Почти все это было, когда я учился живописи, но потом случилось так, что я недолго работал в издательстве, где издавали литературу, известную под общим названием оккультной. Тем самым не только не я сам, но и не спириты, и не духи повинны в том, что мне пришлось забрести в довольно странные и неприютные закоулки спиритизма. В первый же день я заглянул в сокрытые бездны, потому что мало разбирался в деле, как, впрочем, и во всех делах. Я знал, что у нас только что вышла большая и расхваленная книга, содержащая письма и биографию покойной Анны Кингсфорд, о которой я никогда не слышал, хотя наши читатели вряд ли слышали о чем‑то другом. Прозрел я тогда, когда в издательство пришла рассеянная дама и стала описывать свои духовные неурядицы, требуя книг, которые я никак не мог отобрать. Я робко предложил ей Анну Кингсфорд, и дама отпрянула, слабо вскрикнув: «Нет, нет, что вы! Она мне запрещает», а потом, немного овладев собой, прибавила: «Сегодня утром она сказала, чтоб я не читала ее писем». Тут я проговорил со всей бестактностью обычной речи: «Она же умерла!» Дама стояла на своем — «запретила», «сегодня утром», и наконец я сказал: «Надеюсь, она не всем это говорит, а то мы разоримся. Это как‑то некрасиво с ее стороны».

Скоро я обнаружил, что «некрасиво» — слишком мягкое слово, когда речь идет об Анне Кингсфорд. Со всем почтением к ее призраку, который для меня — лишь тень от тени, я был вынужден признать, что самым безобидным было бы определение «спятила». Здесь я пишу об этом потому, что, не противореча самому учению спиритов, упомянутый случай показывает, как меня занесло в самый странный спиритизм; кроме того, это связано с разумом и верой.

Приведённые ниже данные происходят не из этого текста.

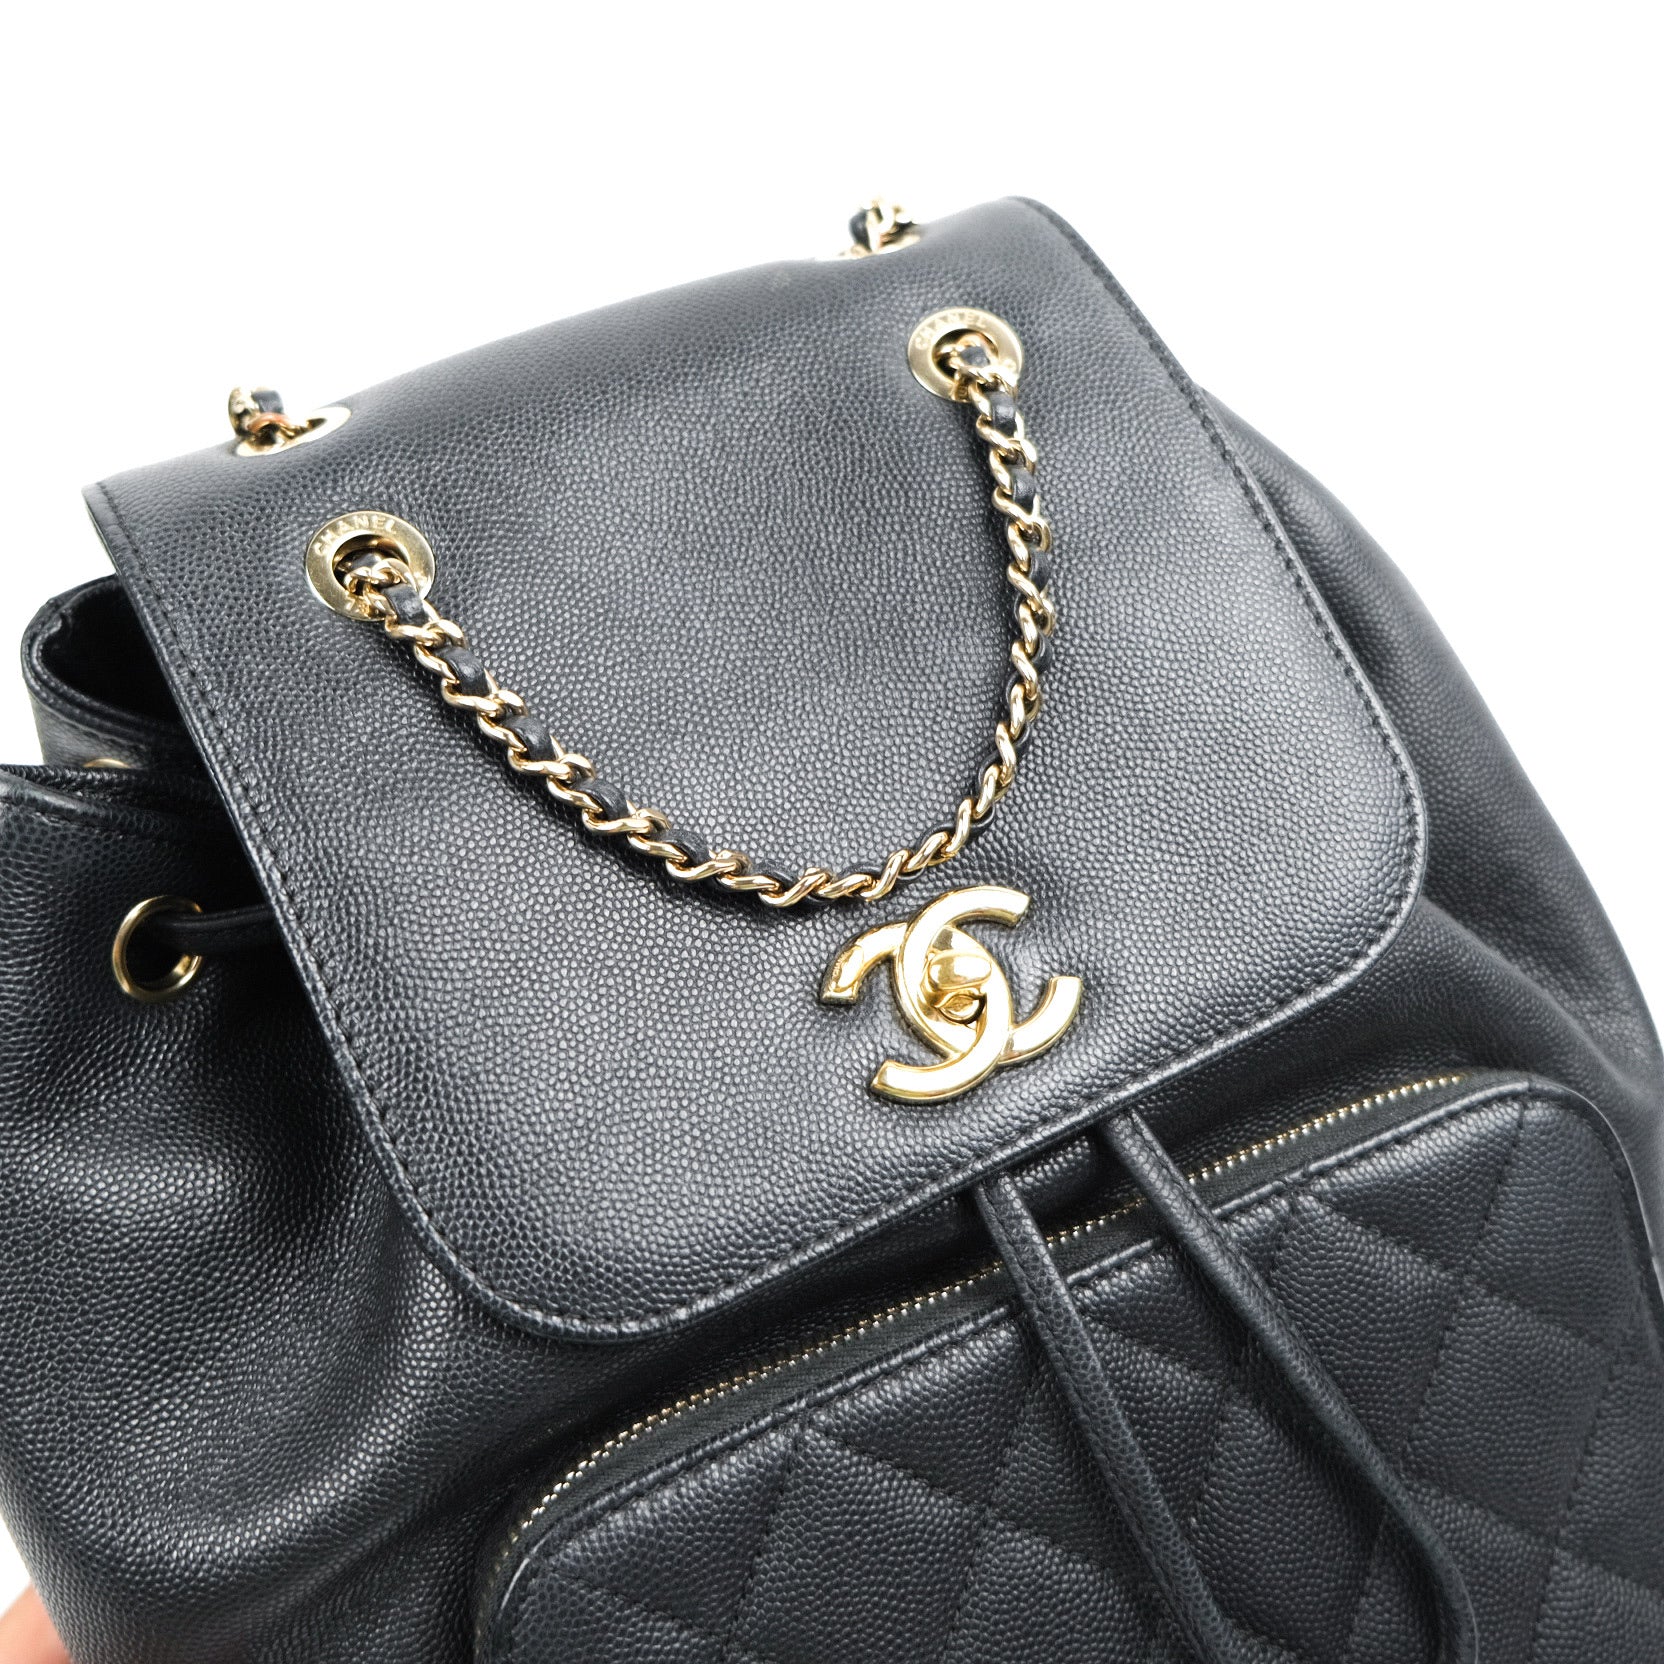 Authentic Chanel Black Caviar Leather Business Affinity Backpack

Анна Кингсфорд была по меньшей мере странной. Например, она гордо сообщала, что убила многих людей чистой мыслью, да и как не убить, раз они признавали вивисекцию! Были у нее и видения, она тесно общалась с духами знаменитых людей, по — видимому, находившихся в преисподней. Помню ее беседу с Гладстоном об Ирландии и Судане, прерванную потому, что Гладстон раскалялся изнутри в прямом, а не в переносном смысле слова. «Чувствуя, что он хочет побыть один, — сообщает деликатная Анна, — я удалилась»; и, боюсь, она удалится теперь из этой сбивчивой повести. Надеюсь, я ее не обидел. Несомненно, у нее было много искреннего пыла, но, как сказал бы отец, мне больше нравится тот такт, то чувство приличий, которые ей подсказали, что джентльмену неприятно раскаляться докрасна при даме.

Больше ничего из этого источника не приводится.